Their surrogate mother was resident turtle expert C.H. Diong, an associate professor of natural sciences and science education at NIE. He was an extremely successful midwife. Only four of the 151 eggs failed to hatch. The rest of the hatched baby turtles, except for 10 adopted by Underwater World Singapore, were released yesterday.
Said National Parks Board chairman and NIE director Leo Tan: 'This is a token conservation effort. 'Turtles have an inborn homing device. Hopefully one or two of our new citizens will come back to their birthplace to lay eggs again.'
To test whether those that return are of the same or related batches, tissue samples have been taken from the baby turtles and their DNA is being sequenced.
It takes a turtle about 20 years to reach reproductive maturity, but only one or two out of every thousand hatchlings survive to reach this stage.
The hawksbill is one of three species found in the region and the only one to have made occasional ventures - around once or twice a year - to Singapore to lay its eggs. Its usual breeding grounds range from East Malaysia to Borneo in this region, but it is also found along the Atlantic coastline.
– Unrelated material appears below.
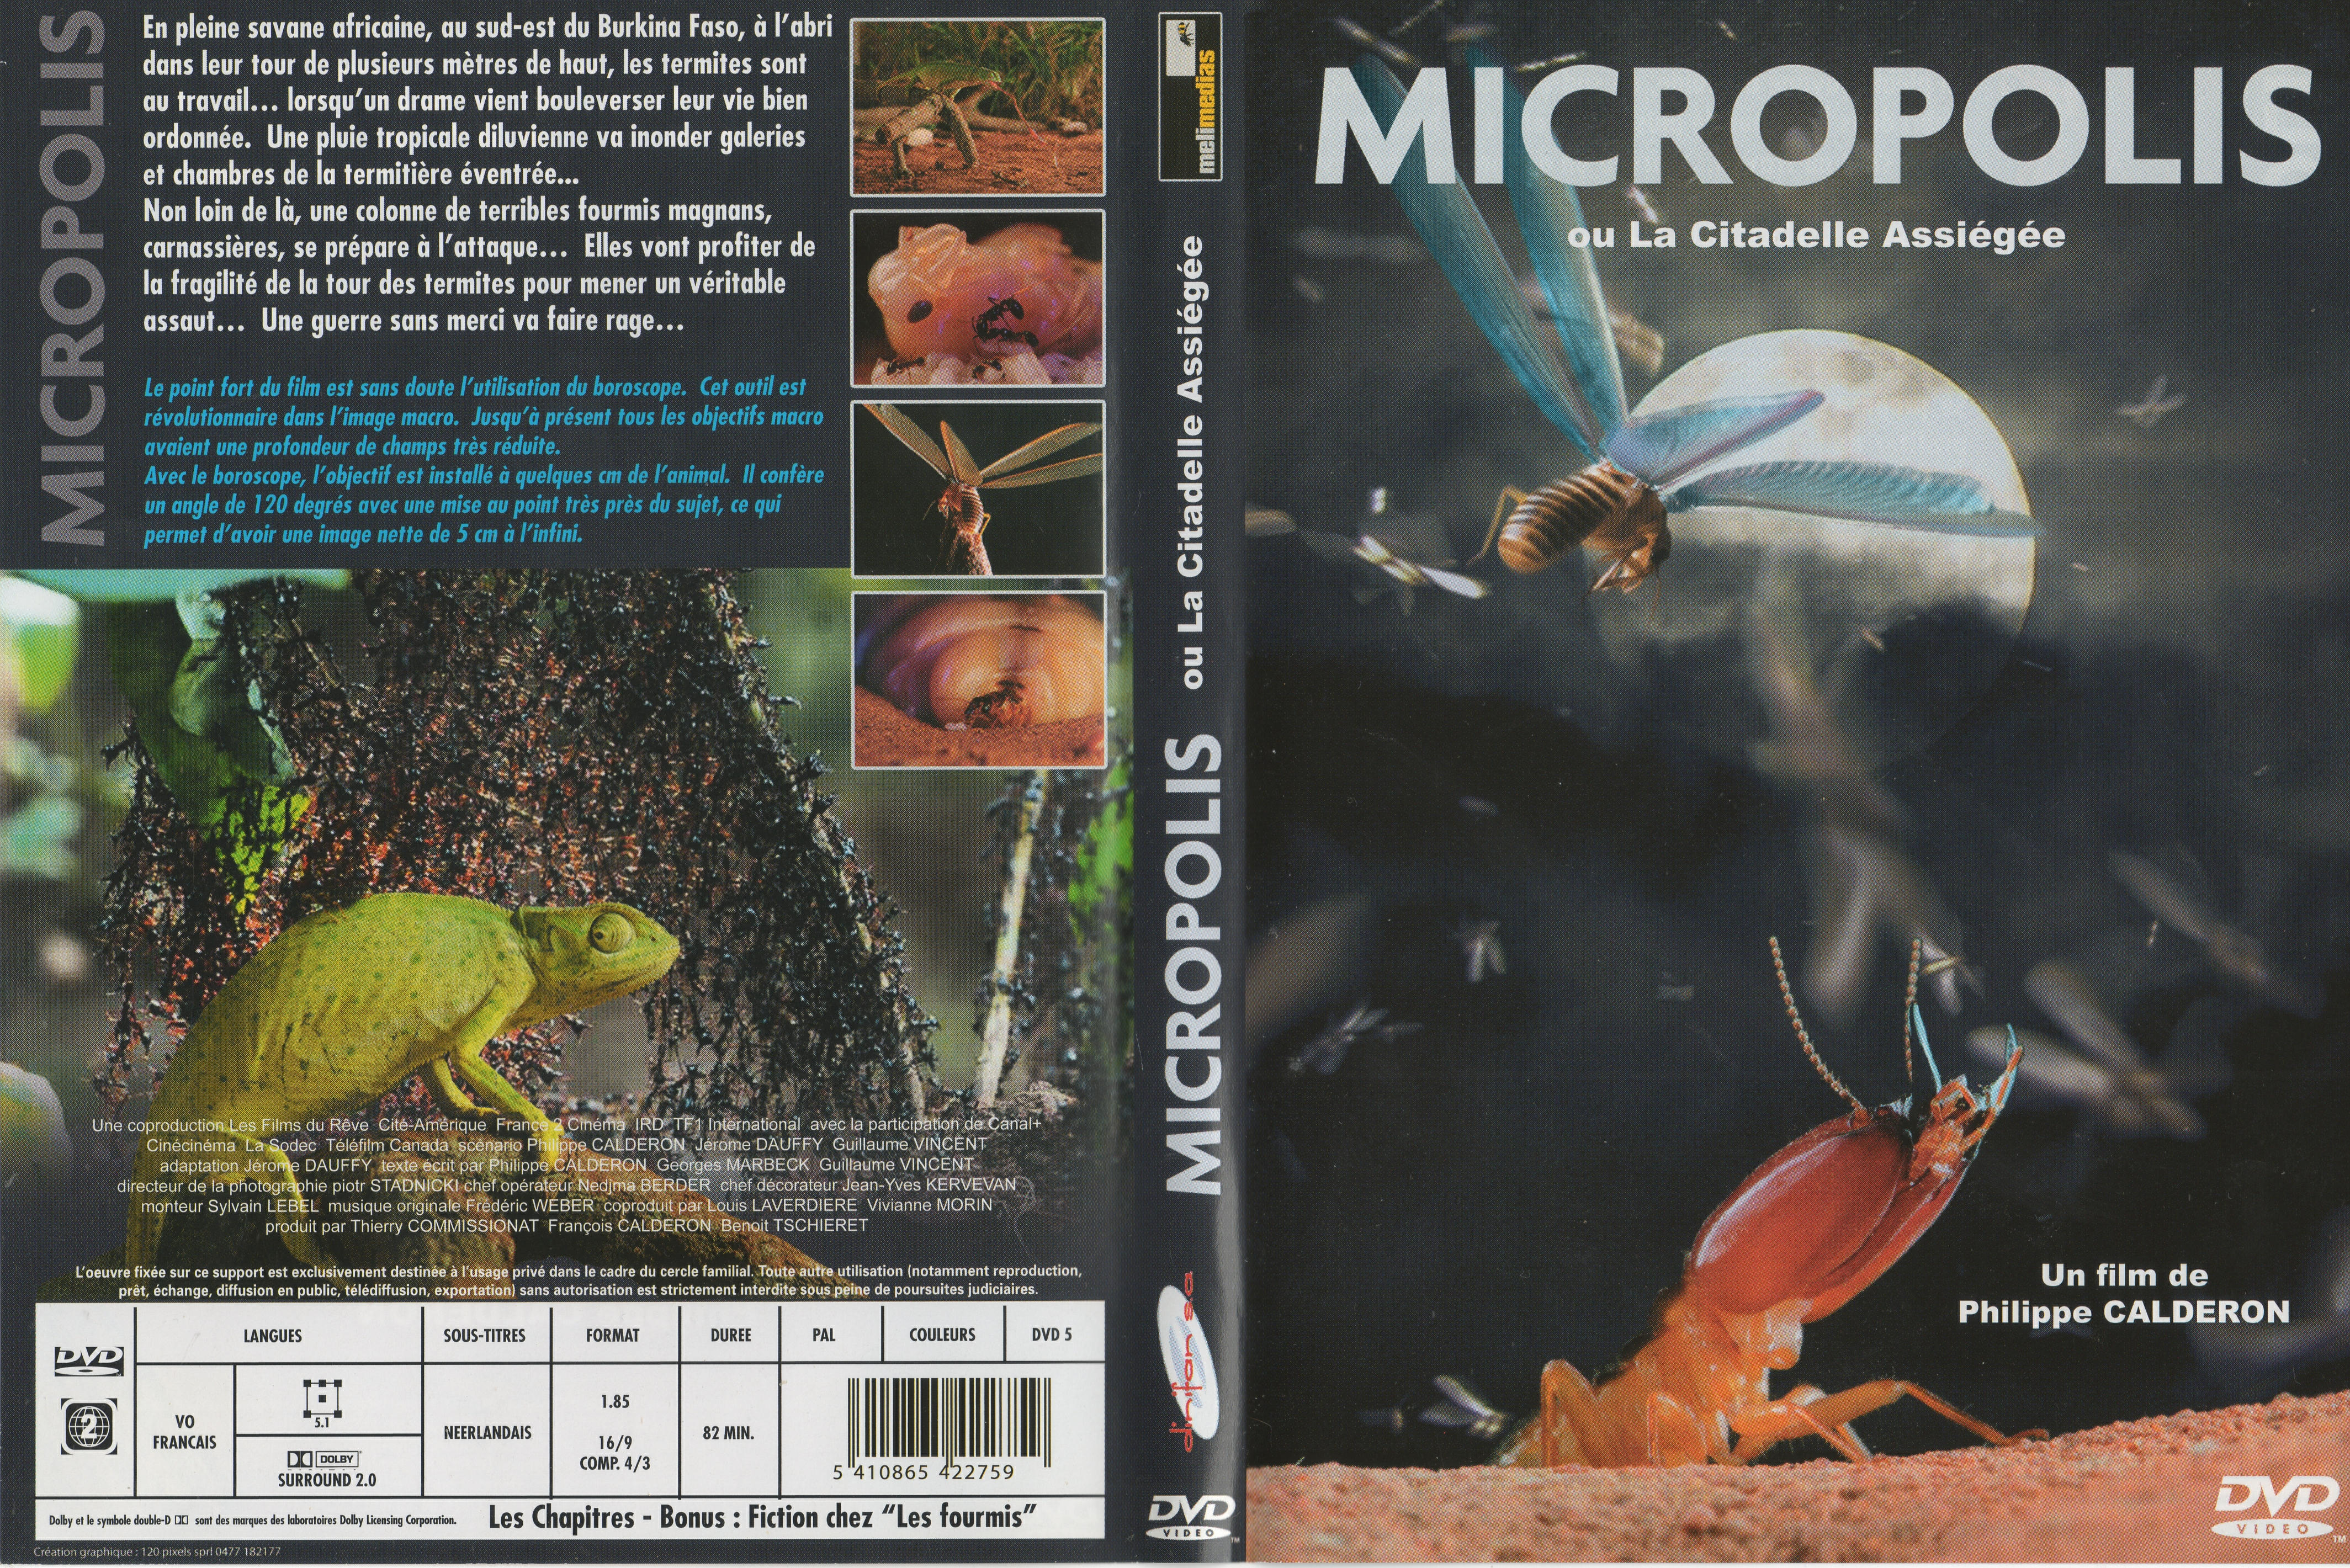 Jaquette DVD Micropolis ou la citadelle assige v2

The hawksbill is critically endangered because its beautiful mottled shell is prized for making ornaments.
That occasional turtles come so far south to lay eggs, traversing areas with heavy marine traffic, is not necessarily a good sign. It could mean their normal breeding grounds have been disturbed.
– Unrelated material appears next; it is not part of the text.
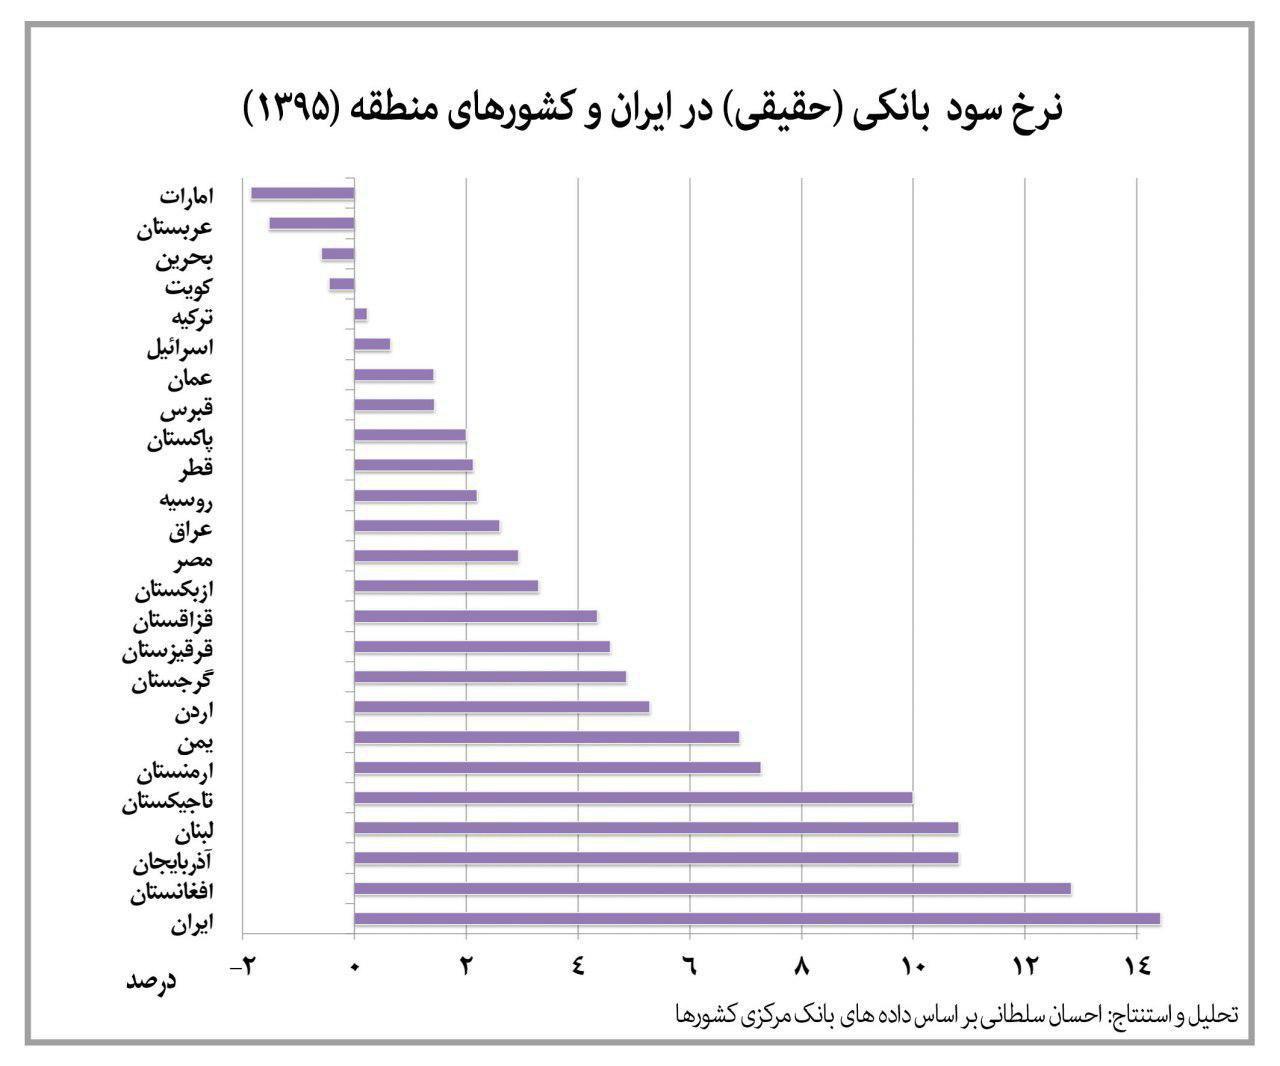 مقایسه ای جالب از نرخ سود بانکی ایران و دیگر کشورها

Added Prof Diong: 'These are incidental landings, possibly from disoriented turtles. But it's a blessing to us.'
East Coast Park is the only area on the mainland where turtles can venture to lay eggs.
Reclaimed areas elsewhere, which have sharp drops into the ocean, are inaccessible for them, explained NParks chief executive officer Tan Wee Kiat.
Tuesday's release doesn't look like it will be the only one here this year. Another batch of 89 eggs was found at East Coast Park just last week. It was possibly from the same turtle, since they can lay up to four batches of eggs, breaking each time for a period of several weeks. The second batch is currently being incubated at NIE.
To ensure they hatch successfully, the conditions must be exactly right. Temperature, moisture content and air flow must be constant and the eggs must be kept in their original position when they are moved so that the air-breathing embryos are not crushed. An exact temperature of 29.7 deg C is required to get half male, and half female turtles, since slight changes in temperature affect the reptiles' eventual sex.
'Man has done his best, now it's all up to nature,' Prof Diong said.
Members of the public who see turtles laying eggs on the beach should contact the police, who will liaise with NParks to assess whether the eggs should be removed.